On economic matters, the project contains positive aspects, such as an intention to avoid further debt, fiscal equilibrium and strict financial discipline. It also recognises the need to increase the oil production capacity, even through Mexican national private and foreign companies within the framework of the recent energy reform.
Regarding foreign investment, there is an acknowledgment of the importance of maintaining and respecting trade agreements. This is relevant, as Mexico is one of the countries with the most international trade agreements in the world. The most relevant include the North America Free Trade Agreement (NAFTA), the European Union and Mexico Trade Agreement (EU-Mexico Trade Agreement) and the Comprehensive and Progressive Agreement for Trans-Pacific Partnership (CPTPP). Given that Mexico has several financial entities whose holding companies are located in the US, Europe and Asia, these agreements are important as they contain investment protection measures, including fair and equitable treatment, as well as protection and full security, and other measures such as nationalisation, expropriation or equivalent measures which affect investment. All of the above are subject to jurisdictional or arbitral control.

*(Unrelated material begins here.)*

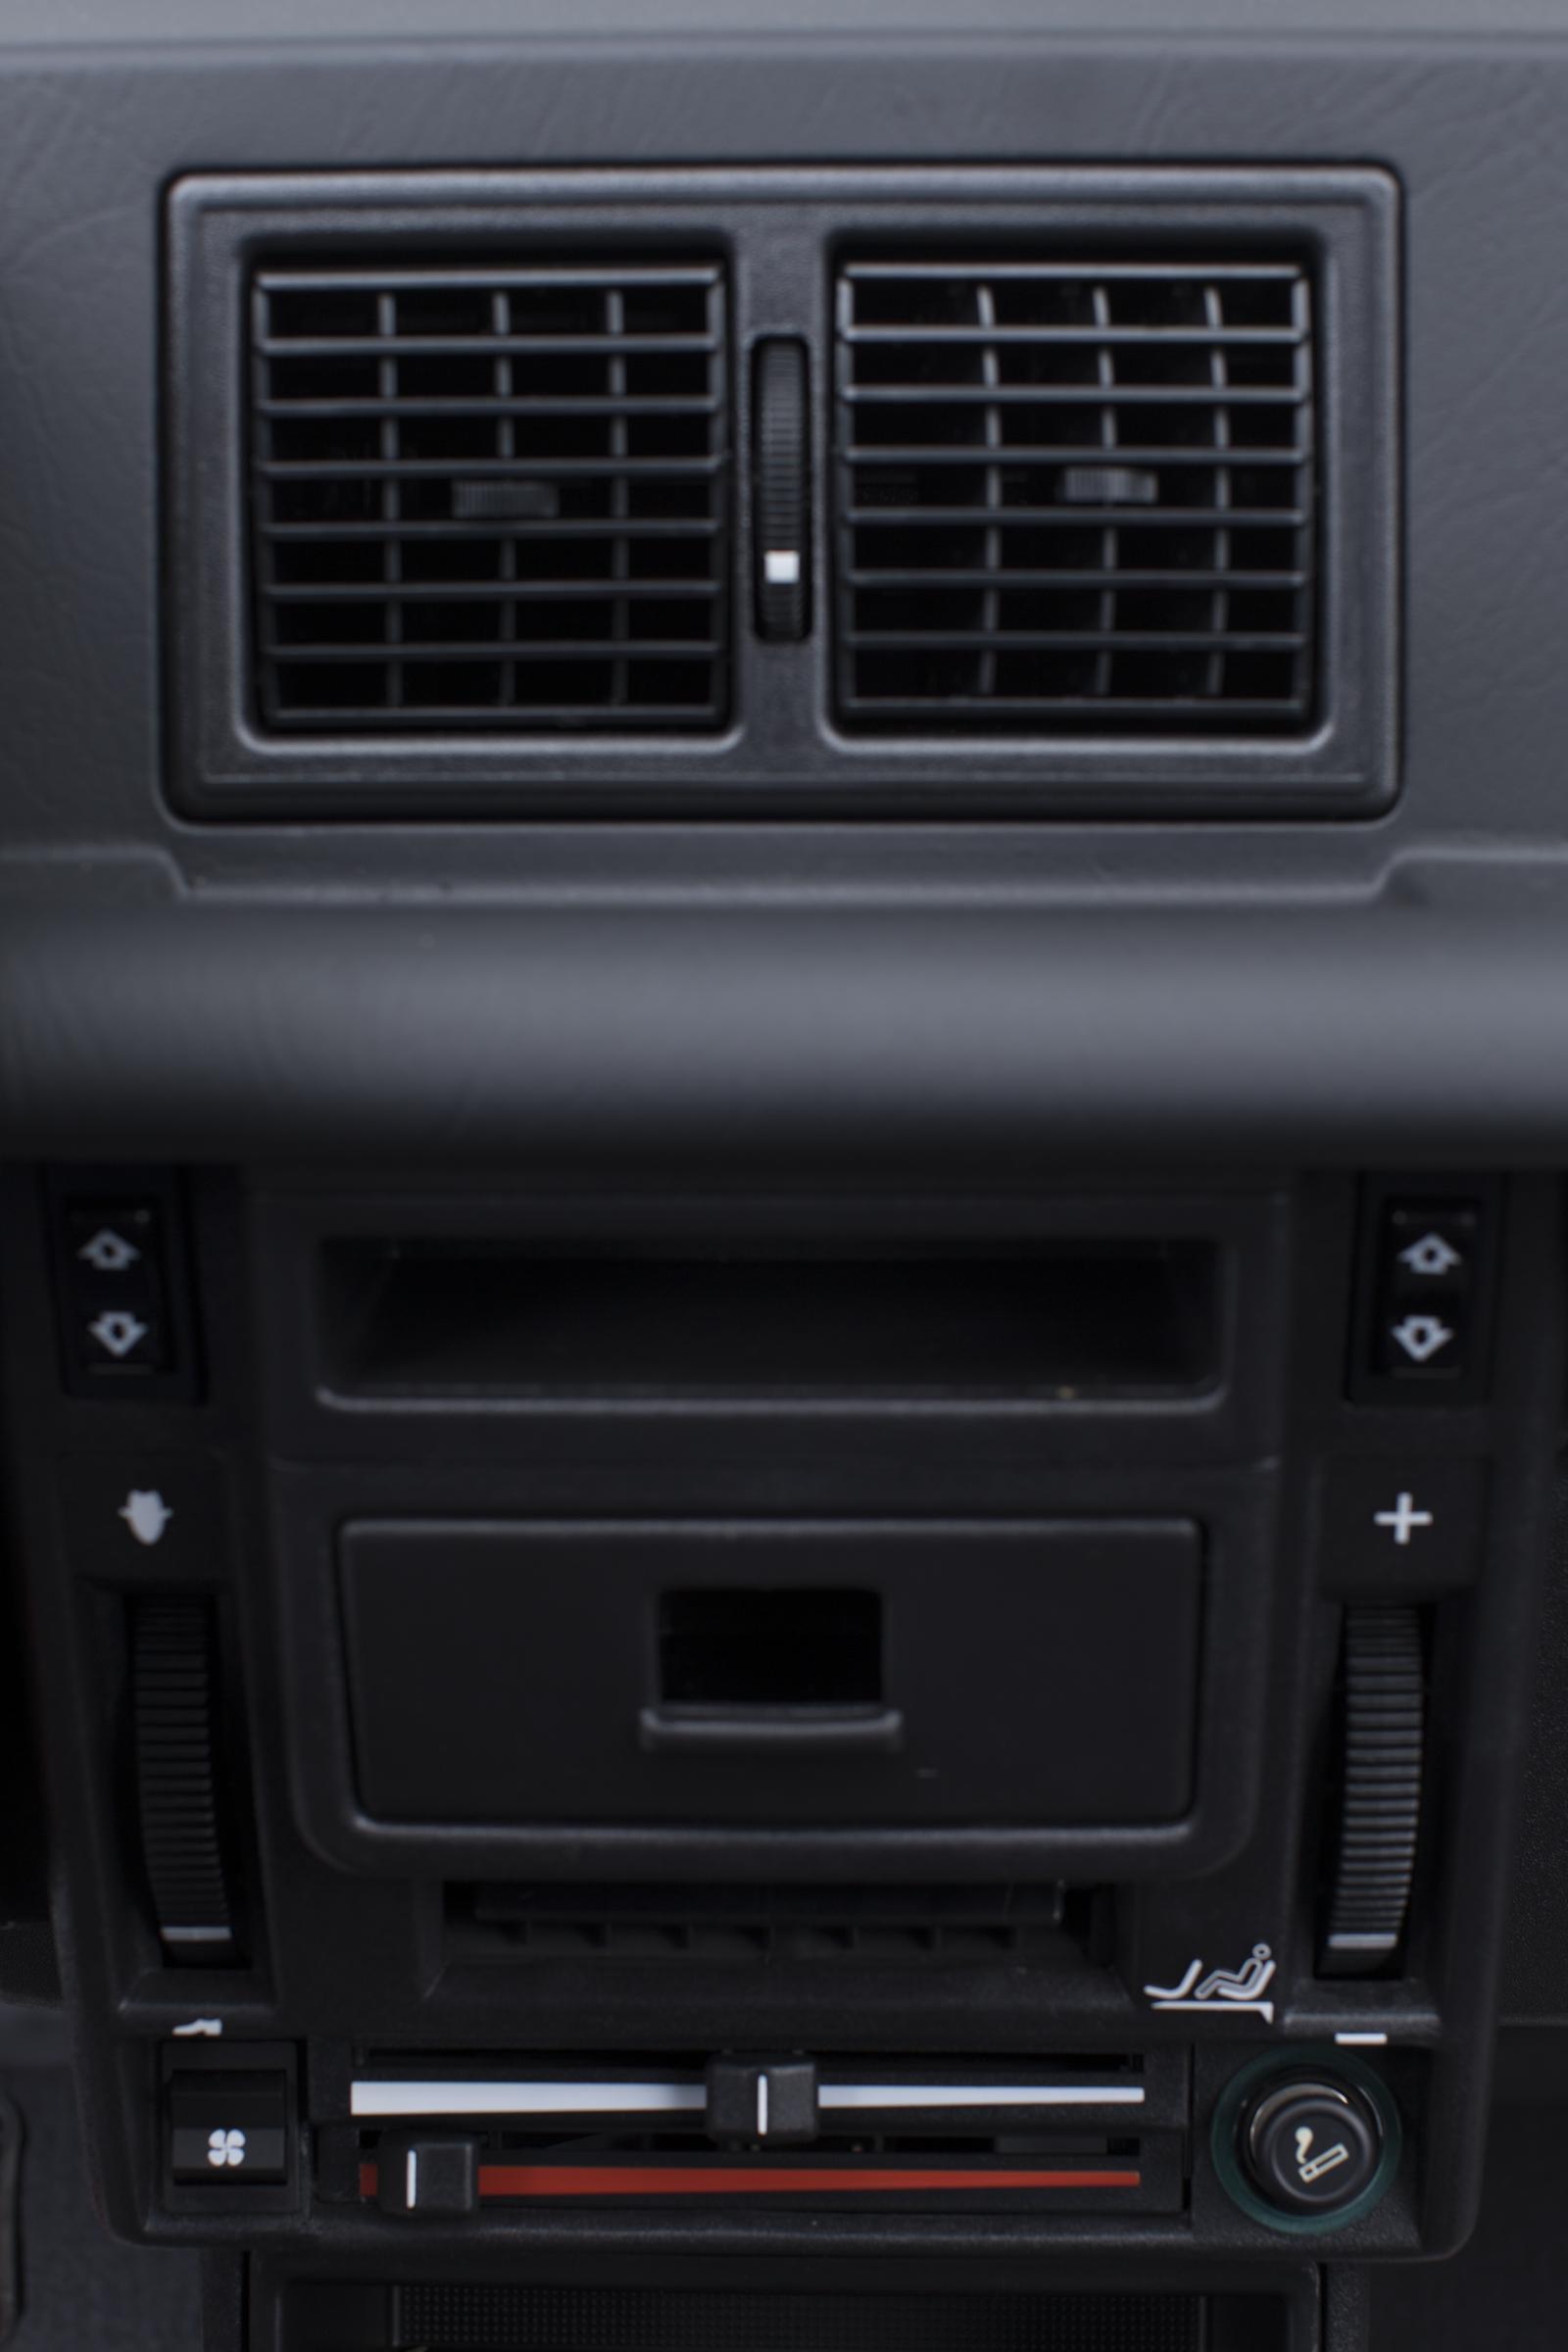 C15 ventilation
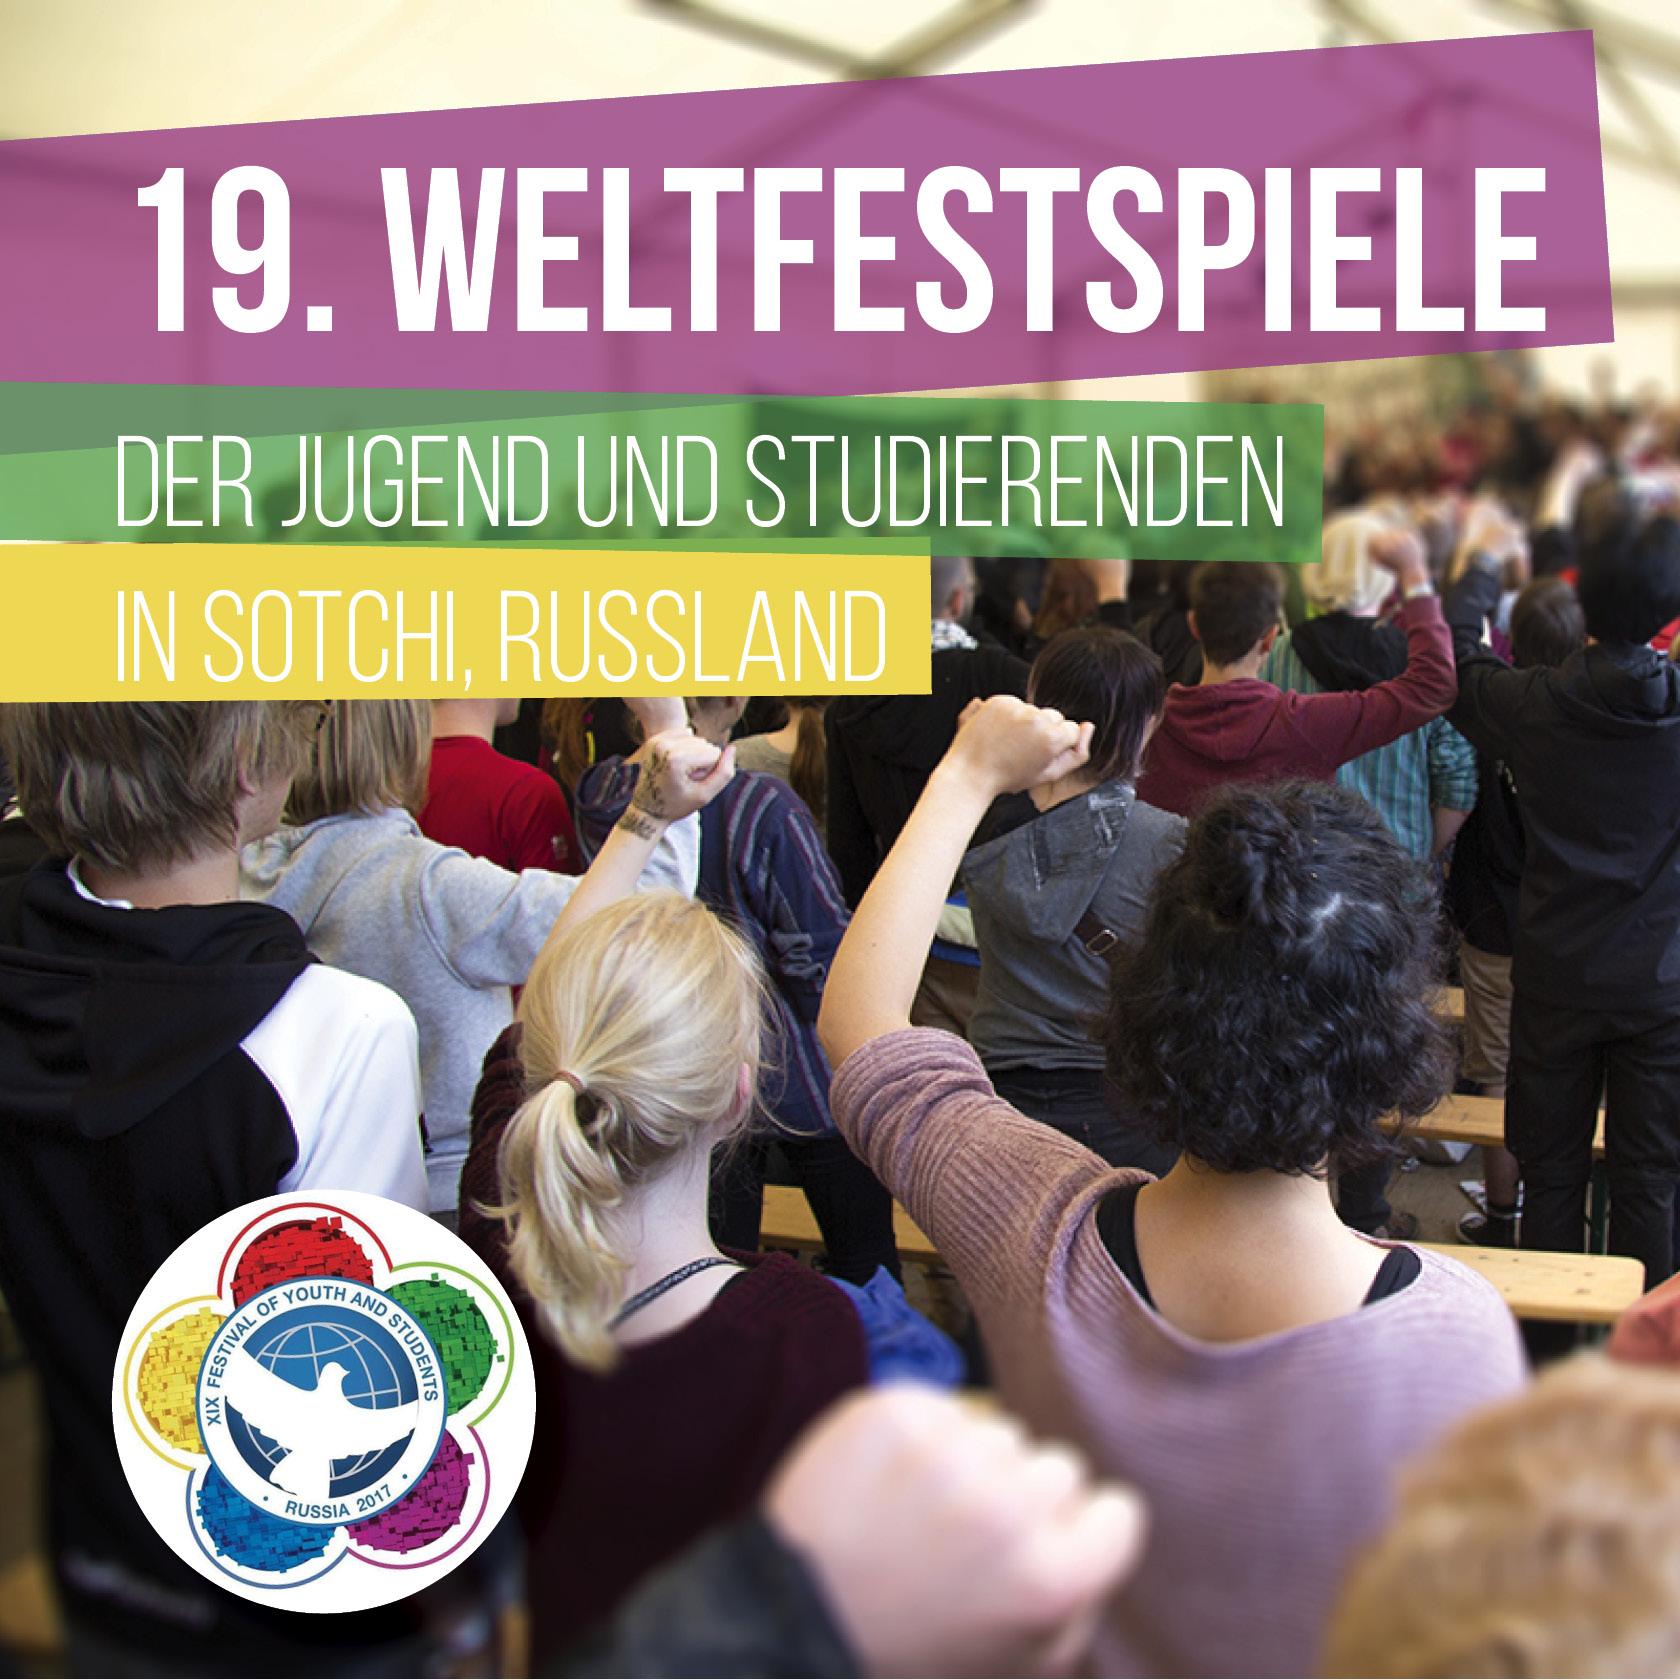 19. Weltfestspiele der Jugend und Studierenden

With respect to the financial sector, the project declares its preoccupation about Mexico having a highly concentrated bank structure and barriers for competition; therefore, it proposes legal reforms in order to provide incentives for the creation of more financial entities, diminish regulation and supervision costs, and strengthen and enlarge the faculties of the Competition Commission and the Financial Consumers Commission. While Mexico has made progress in this matter, as acknowledged by the Bank of Mexico and the Competition Commission, the latter recommends strengthening competition, albeit in very specific areas, such as bank tellers, guaranteeing the exchange of information owned by the customers among financial entities, and free and non-discriminatory access to the compensation networks.
The project also accuses financial entities of being the main responsible parties and beneficiaries of the lack of control over money laundering in Mexico. It proposes, among other actions, fostering and strengthening banking system controls over money laundering. In this area, it is worth noting that the Financial Action Task Force published the ‘Anti-Money Laundering Measures and Measures against the Financing of Terrorism-Mexico’ in January 2018. This document acknowledges that Mexico has a regulation against money laundering and against the financing of terrorism, which is mature with a well-developed legal and institutional framework. The document also highlights that the authorities have a good understanding of the risks of these practices and good cooperation and coordination of policies, and that the financial sector also shows a good understanding of the main threats.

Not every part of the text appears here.